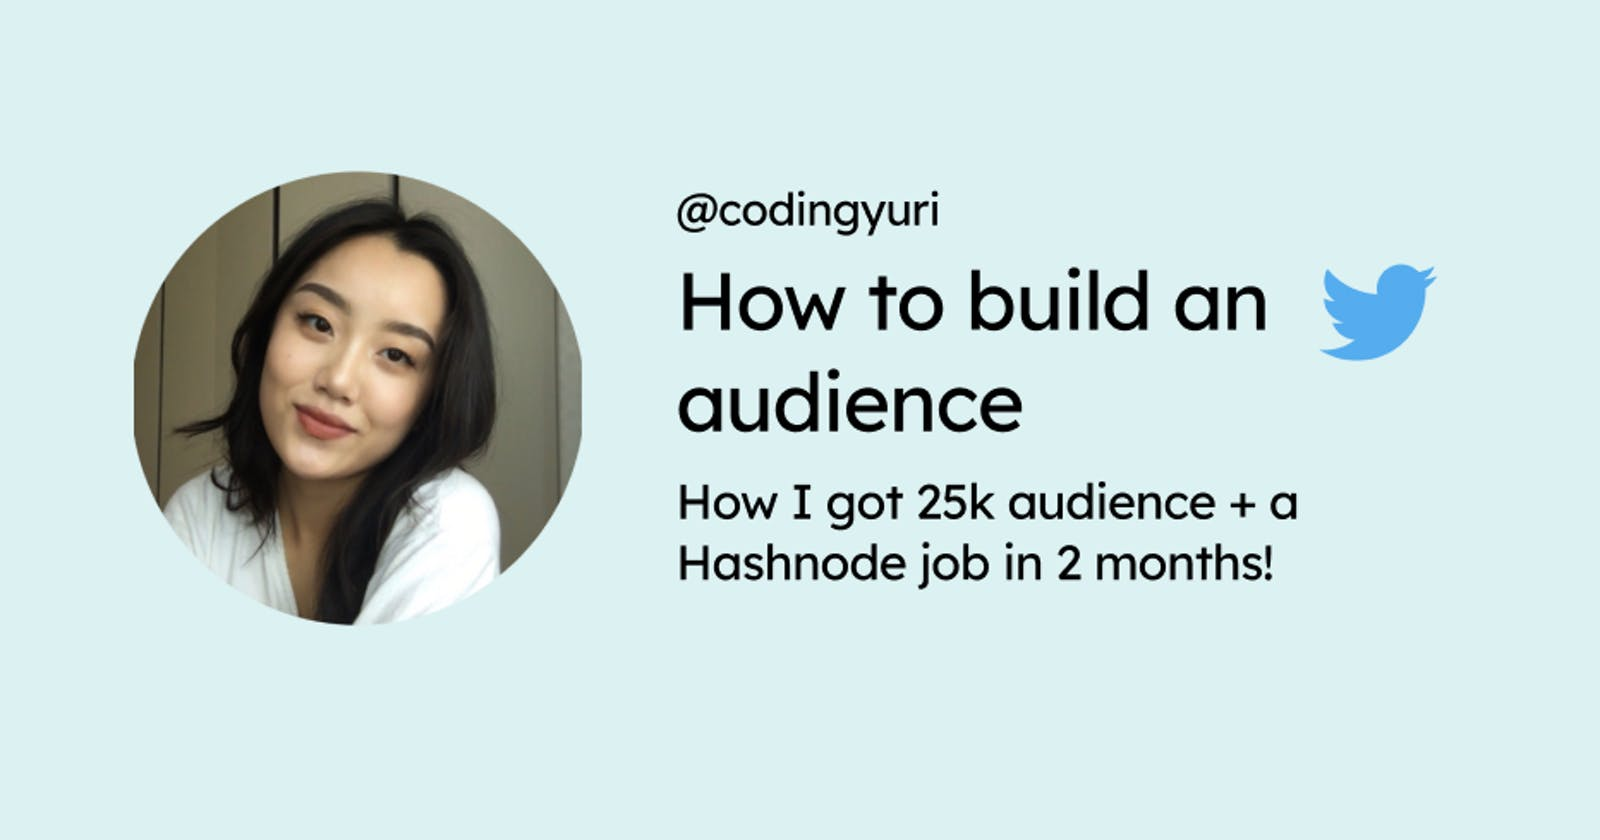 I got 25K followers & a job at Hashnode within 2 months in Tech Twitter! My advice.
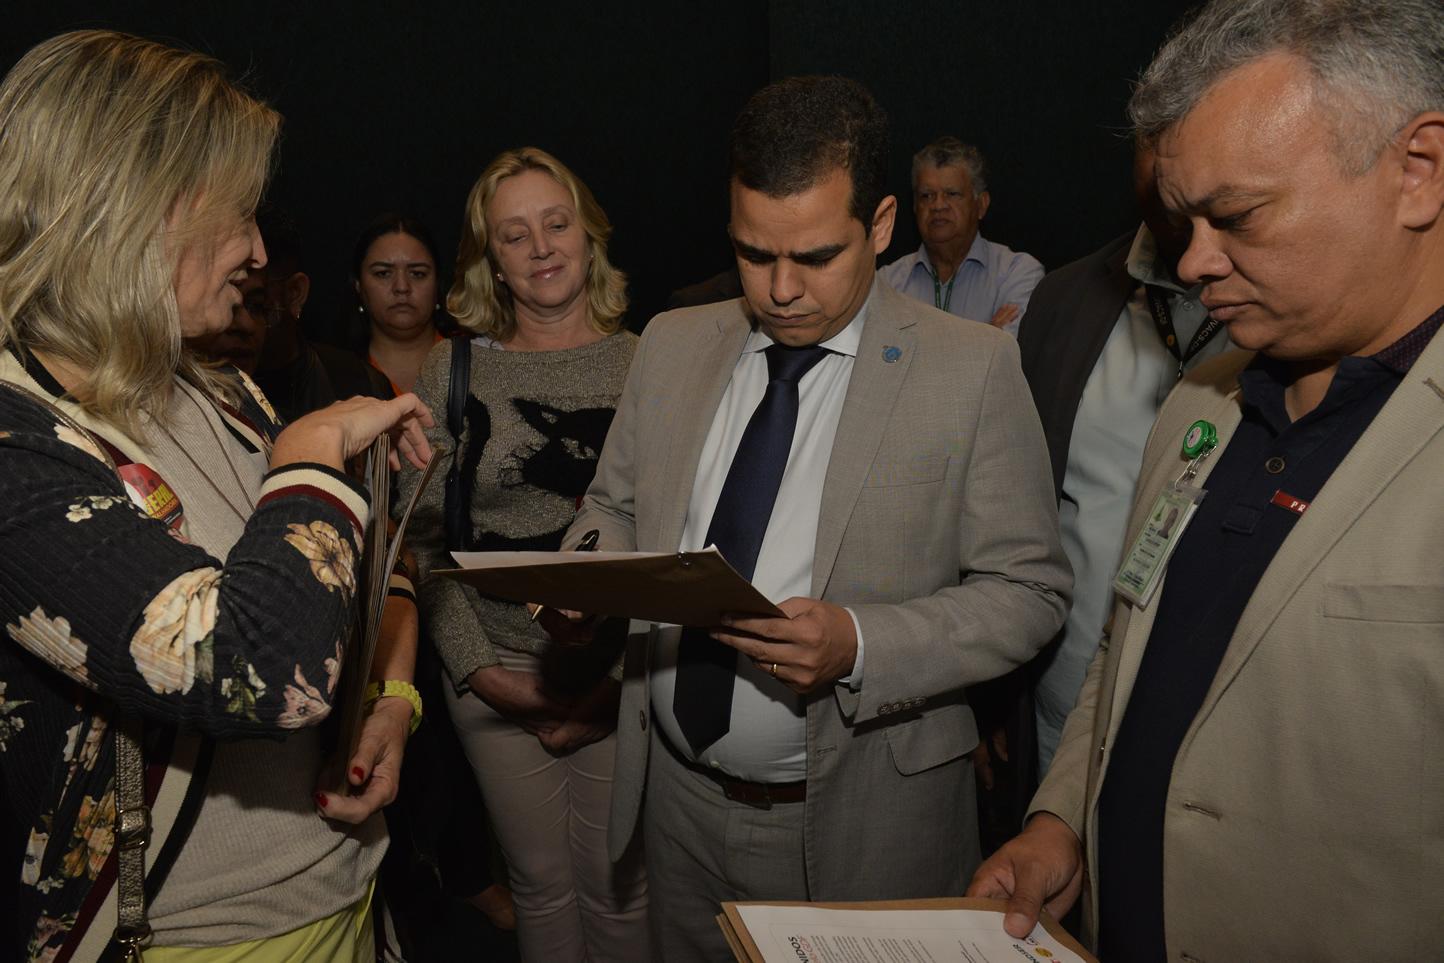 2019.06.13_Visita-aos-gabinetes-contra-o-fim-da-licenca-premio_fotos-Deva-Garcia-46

--

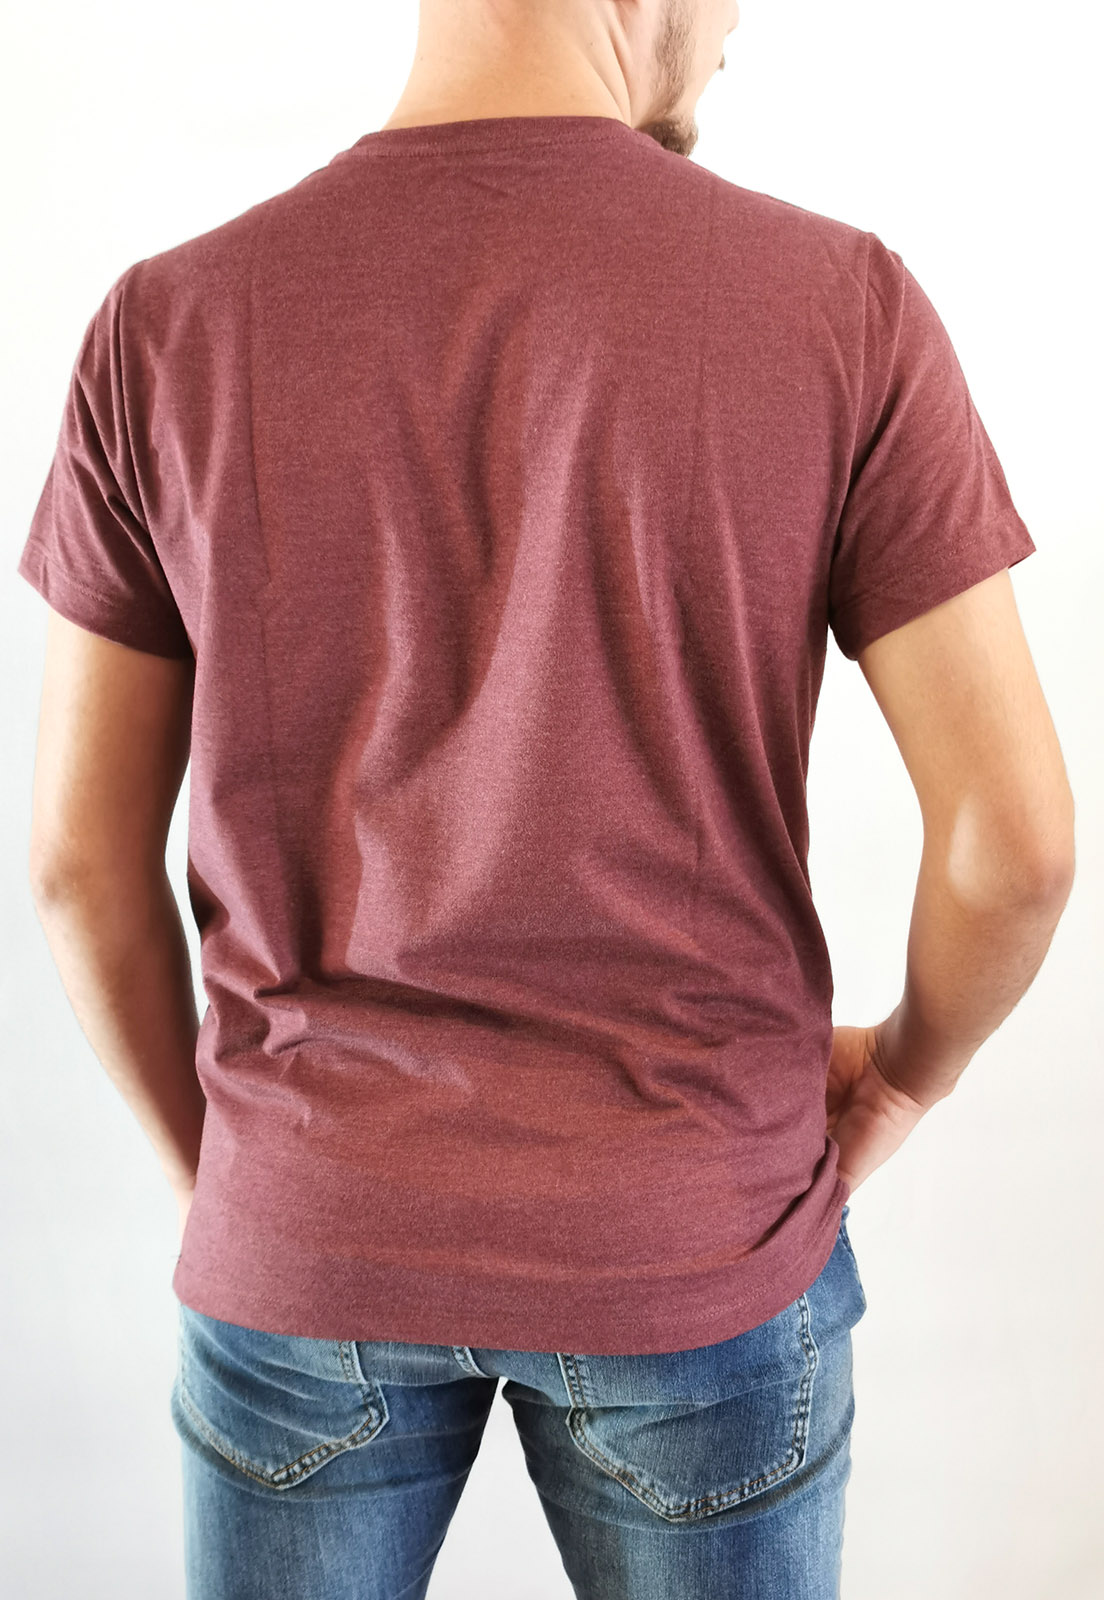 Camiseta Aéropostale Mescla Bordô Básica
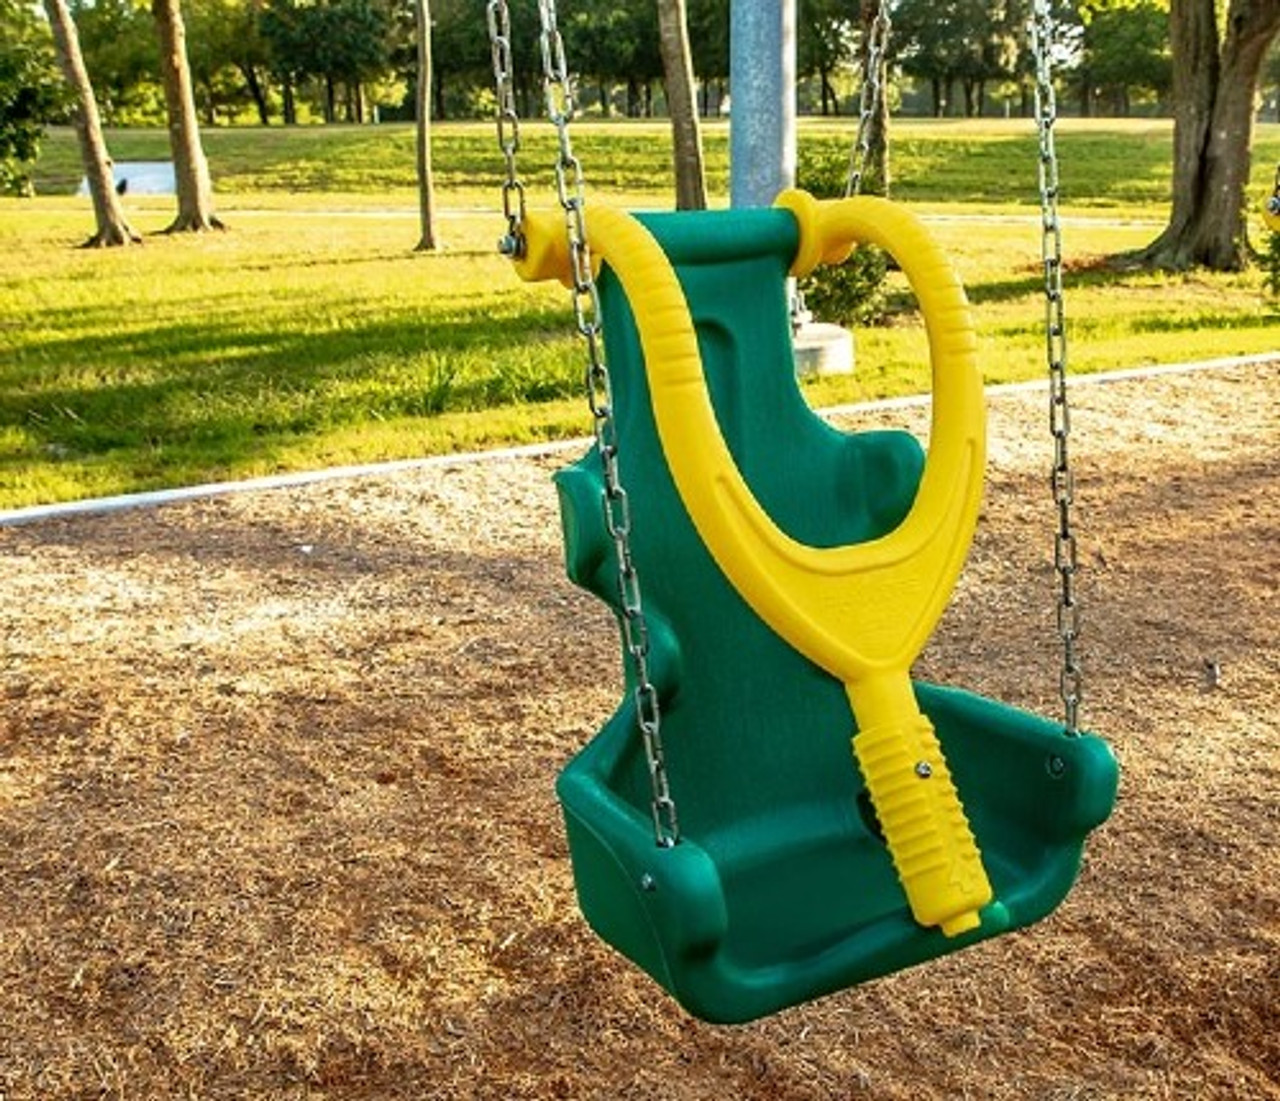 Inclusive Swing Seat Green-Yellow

— WHAT YOU WILL DO —
What you return must match, character for character, the lines above from the one with "Camiseta Aéropostale Mescla Bordô Básica" through the one with "Inclusive Swing Seat Green-Yellow", minus any pictures.

— SOLVED EXERCISE —
 Camiseta Aéropostale Mescla Bordô Básica
 Inclusive Swing Seat Green-Yellow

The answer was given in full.